# Latex mask...HELP!



## jal129 (Oct 2, 2012)

Alright, this is probably a dumb question, but how do you properly wear a latex mask? First off, when I put mine on it's way too big. It's too far away from my face and parts looked caved in. If I grab the back and pull it so it conforms to my face it looks perfect, but if I don't it just looks weird. The other major problem I have is if you were to see me from the back you can see the big slit. Is there a way to hide this better? Do the more expensive latex hoods fit/conform better or is there a trick I'm missing? Thanks for your help!


----------



## TrickRTreater (Mar 24, 2011)

Glue various pieces of foam rubber inside the mask where you need a better fit. 

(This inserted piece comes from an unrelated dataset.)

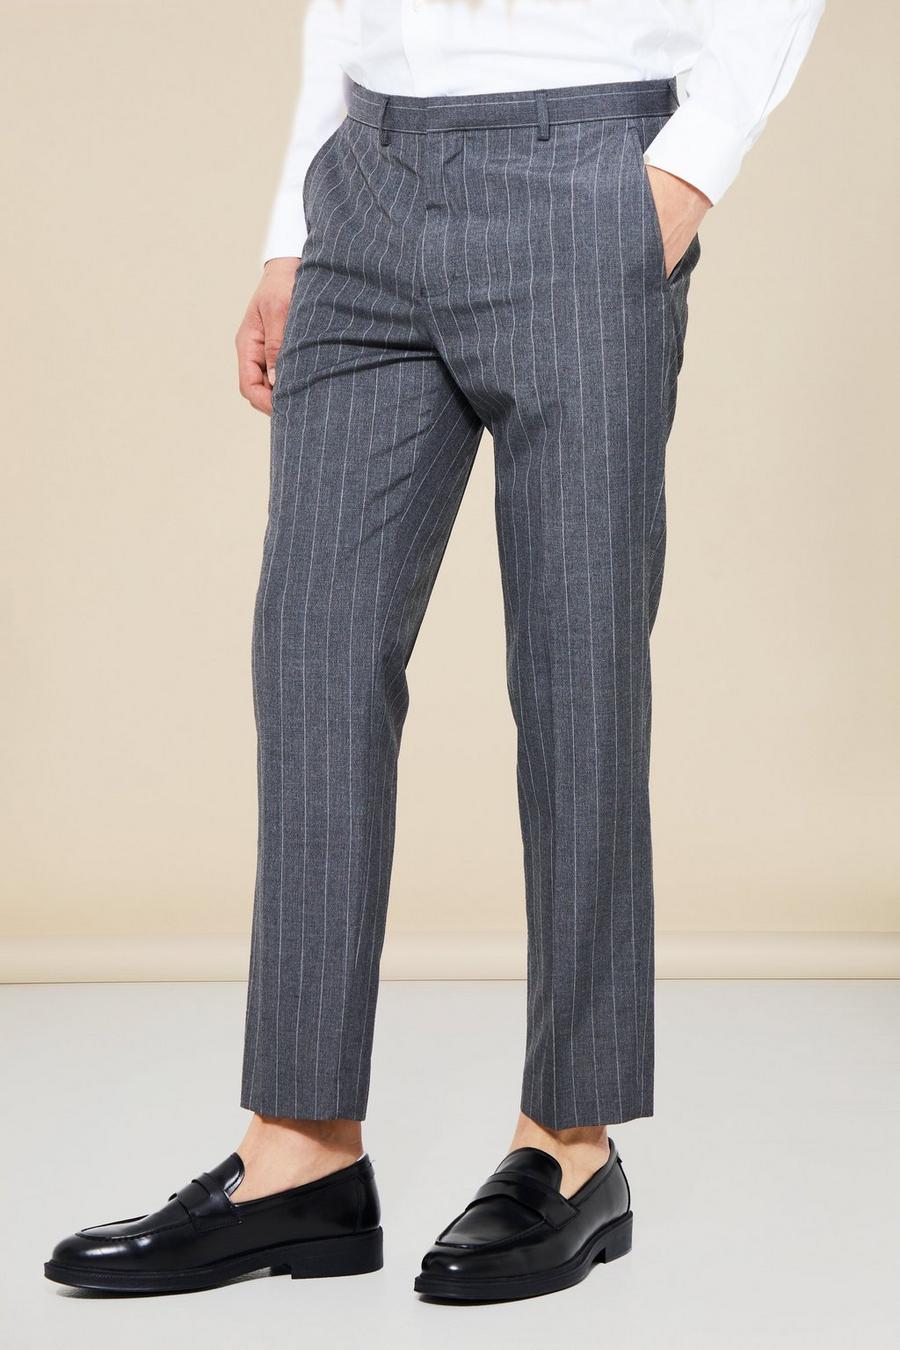 Pantaloni sartoriali Slim Fit a righe verticali, Dark grey grigio

For the annoying slit in the back, attach a zipper to the inside of it with the little lever bit facing out. I'm not sure how you attach one, but I've seen a mask that's had that done and it looked great. It might help with fit as well.


----------



## Shadowbat (Sep 27, 2009)

Feah, foam is generally whats used to help with the fit of a mask. For the slit, Ive installed a zipper before and have also used velcro.


----------



## jal129 (Oct 2, 2012)

Sweet, thanks for the help! I have no idea how to install a zipper, but hopefully the velcro thing will work.


----------



## Shadowbat (Sep 27, 2009)

There are a couple ways. Ive done both. One is you can simply sew it in. The other, latex it in.


----------



## jal129 (Oct 2, 2012)

Okay, so I got pissed off and gave up on the cheapo mask and ordered a hood from Frightstuff.com. My question now is for those who have ordered from FS. How long do you think it took from ordering to shipping? I know they're made to order...I just wanted to get a general idea. I would ultimately like to have it before October 31st and am just seeing if that's realistic. Hoping to get a few responses so I can get an average. Thanks!


----------



## Shadowbat (Sep 27, 2009)

depends on how many orders he has. This is busy time for any mask maker. I have to warn you though, you may have to cut a slit up the back to get the hood on.


----------